Why do you have missing data?  Is it a case where you can justify using multiple imputation?

--
Bruce Weaver
bweaver@lakeheadu.ca
http://sites.google.com/a/lakeheadu.ca/bweaver/

"When all else fails, RTFM."

PLEASE NOTE THE FOLLOWING: 
1. My Hotmail account is not monitored regularly. To send me an e-mail, please use the address shown above.
2. The SPSSX Discussion forum on Nabble is no longer linked to the SPSSX-L listserv administered by UGA (https://listserv.uga.edu/).
Reply | Threaded
Open this post in threaded view
|

Re: Multinomial regression with missing values

Steve Simon, P.Mean Consulting
In reply to this post by Luca Meyer-3
Luca Meyer wrote:

> I am running NOMREG with some missing values and of course I get the
> following message:
>
> *
> Warnings
> *
>
> Unexpected singularities in the Hessian matrix are encountered. This
> indicates that either some predictor variables should be excluded or
> some categories should be merged.
> The NOMREG procedure continues despite the above warning(s). Subsequent
> results shown are based on the last iteration. Validity of the model fit
> is uncertain.
>
>
> Now, what could I do to fix it? Please notice that I neither can further
> aggregate nor eliminate predictors.
>
> Should I substitue a very low value (something like 0,01) to the missing
> observations using weights? Or should I insert one observation instead
> of missing values? Or yet should I use an altogether different procedure?

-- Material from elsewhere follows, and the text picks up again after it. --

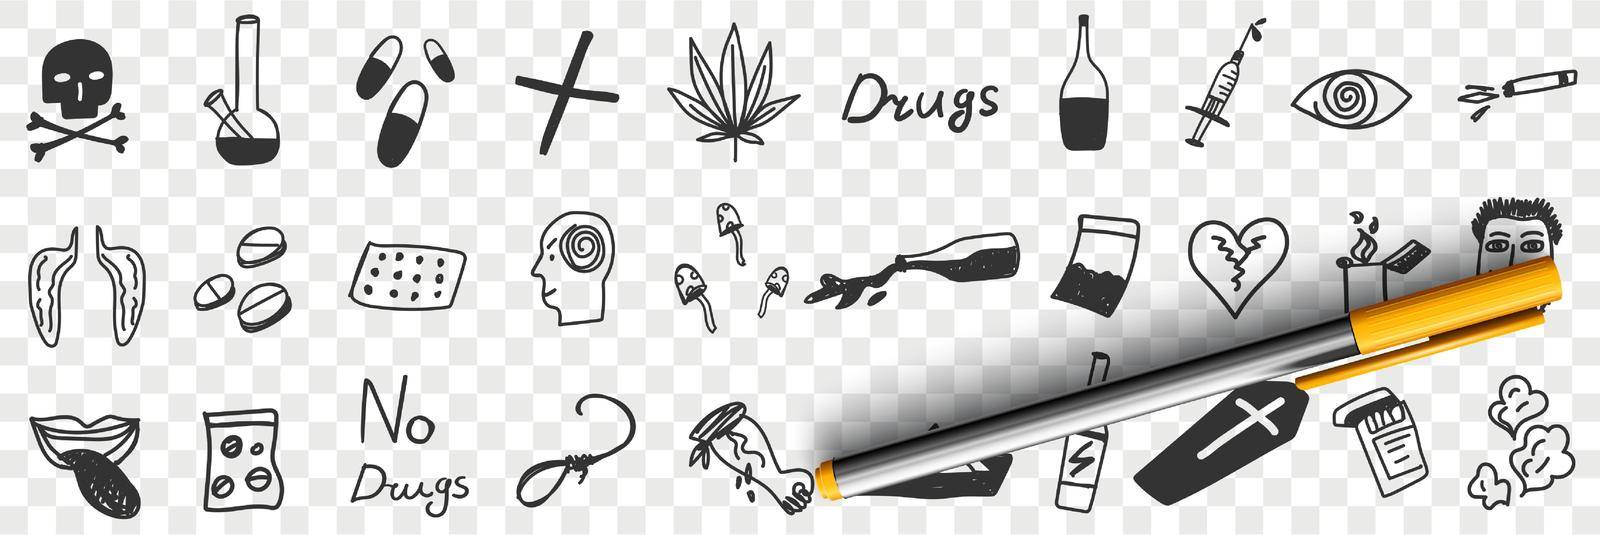 Danger of drugs doodle set by Vasilyeva

You can indeed further aggregate and you can indeed eliminate
predictors. What you mean to say is that you can't do this without
losing something that is essential to your data analysis.

Here's some practical advice. Don't invent data with very low weights or
insert a single observation in place of missing. You won't ever trust
such a model.

Singularities mean that you don't have enough data spread throughout key
  regions of your data set. You can't investigate the interaction of
race and gender, for example, if all of your males are black and all of
your females are white.

You need to discover what portions of the data set have adequate data
coverage and what portion of the data set have inadequate data coverage.
That means doing exactly what you don't want to do. Fit simpler models
with fewer independent variables and/or combine some of the levels of
your dependent variable.

You won't report these simpler models (though maybe you should), but by
learning which models generate the singularity message and which models
do not, you'll learn where the data allows you to make substantive
predictions and where it does not.

Until you find the particular levels of your outcome variable or the
particular combinations of independent variables are causing the
singularity, you will not be able to make any progress.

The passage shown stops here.